2. The chargeable event shall occur and the tax shall become chargeable when the goods are delivered or the services are performed. Deliveries of goods other than those referred to in Article 5(4)(b) and supplies of services which give rise to successive statements of account or payments shall be regarded as being completed at the time when the periods to which such statements of account or payments pertain expire.
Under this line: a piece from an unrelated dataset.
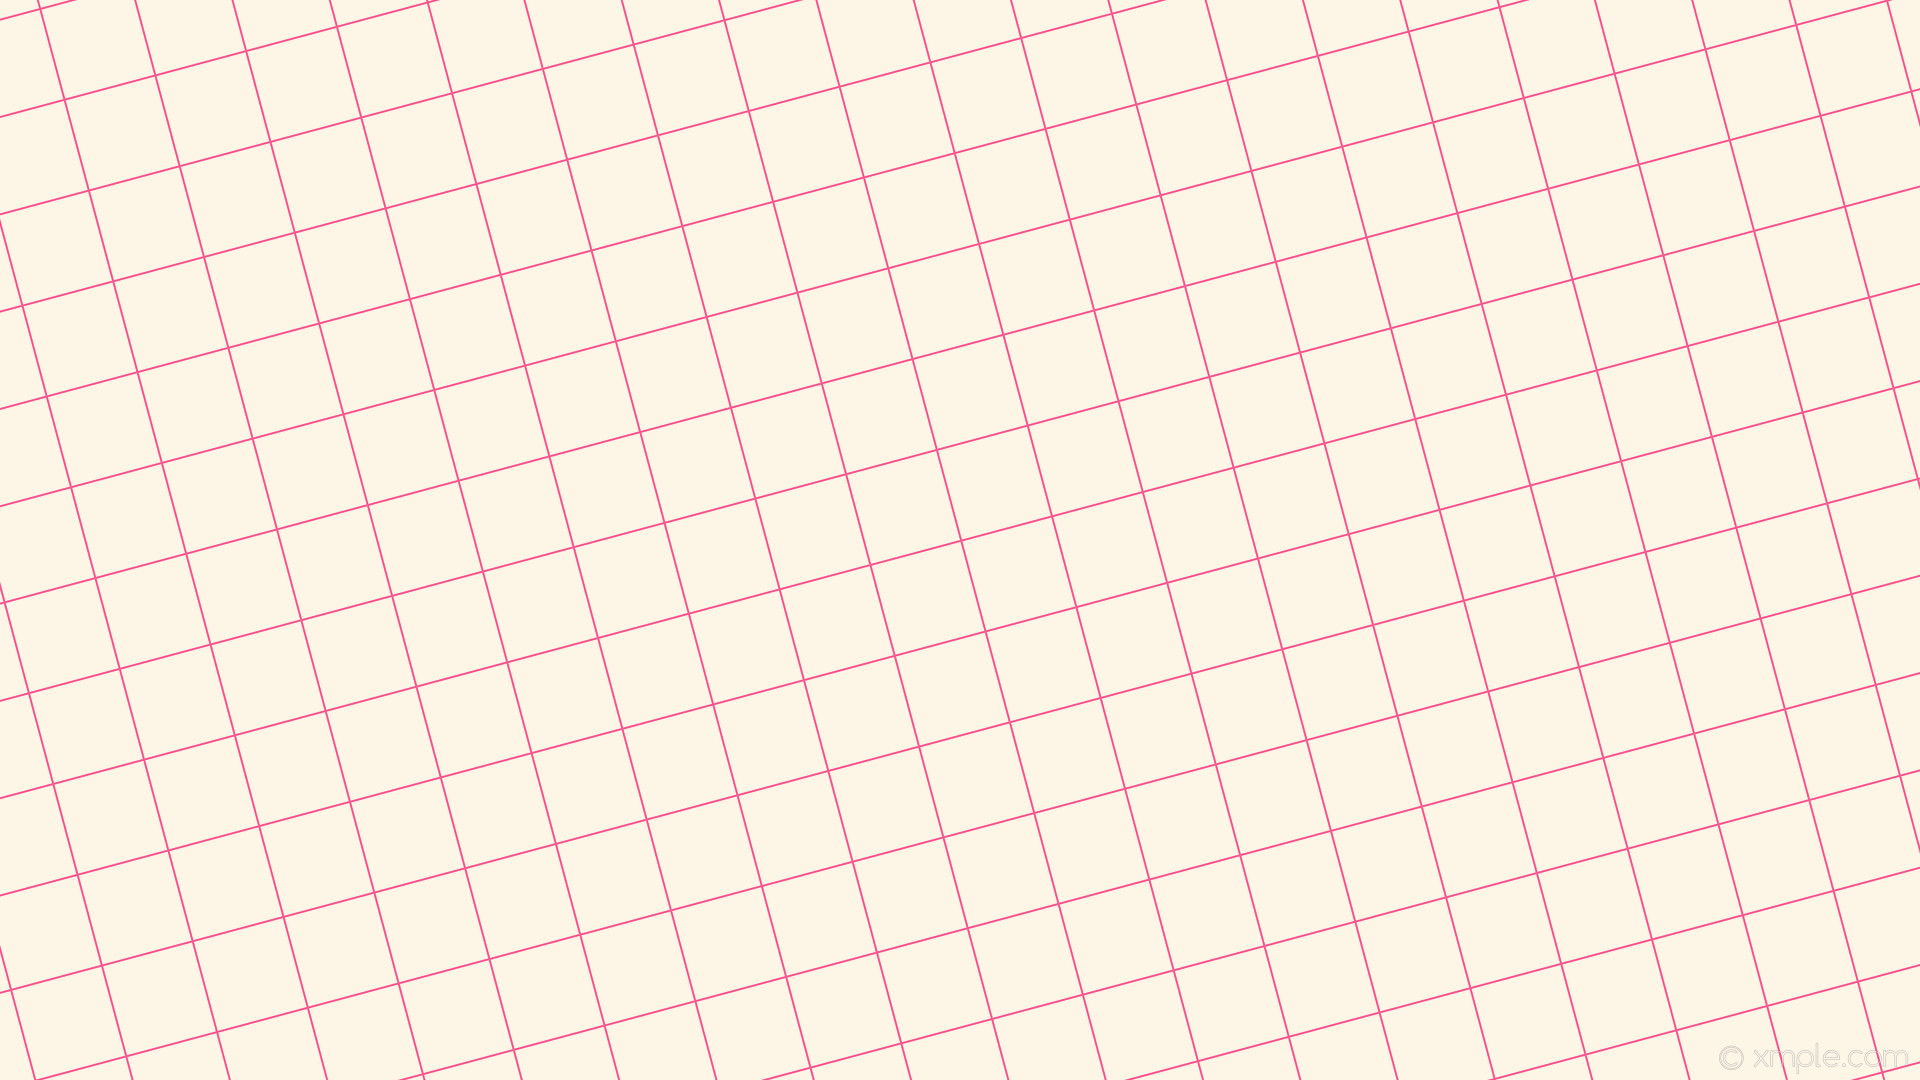 Res: 1920x1080, wallpaper graph paper white grid pink old lace #fdf5e6 #f61b6e 15° 2px 94px

However, where a payment is to be made on account before the goods are delivered or the services are performed, the tax shall become chargeable on receipt of the payment and on the amount received.
By way of derogation from the above provisions, Member States may provide that the tax shall become chargeable, for certain transactions or for certain categories of taxable person, either:
– no later than the issue of the invoice or of the document serving as invoice, or
– no later than receipt of the price, or
– where an invoice or document serving as invoice is not issued, or is issued late, within a specified period from the date of the chargeable event.’
8. Article 13A(1)(b) to (e) of the Sixth Directive provide that Member States are to exempt certain activities in the medical services sector.
9. Article 17(1) of the Sixth Directive states that ‘[t]he right to deduct shall arise at the time when the deductible tax becomes chargeable’.
10. Article 17(2)(a) provides:
‘In so far as the goods and services are used for the purposes of his taxable transactions, the taxable person shall be entitled to deduct from the tax which he is liable to pay:
(a) value added tax due or paid within the territory of the country in respect of goods or services supplied or to be supplied to him by another taxable person’.
11. Under the first sub-subparagraph of Article 28(2)(a) of the Sixth Directive, during the transitional period referred to in Article 28l, ‘[e]xemptions with refund of the tax paid at the preceding stage and reduced rates lower than the minimum rate laid down in Article 12(3) in respect of the reduced rates, which were in force on 1 January 1991 and which are in accordance with Community law, and satisfy the conditions stated in the last indent of Article 17 of the Second Council Directive of 11 April 1967, may be maintained’.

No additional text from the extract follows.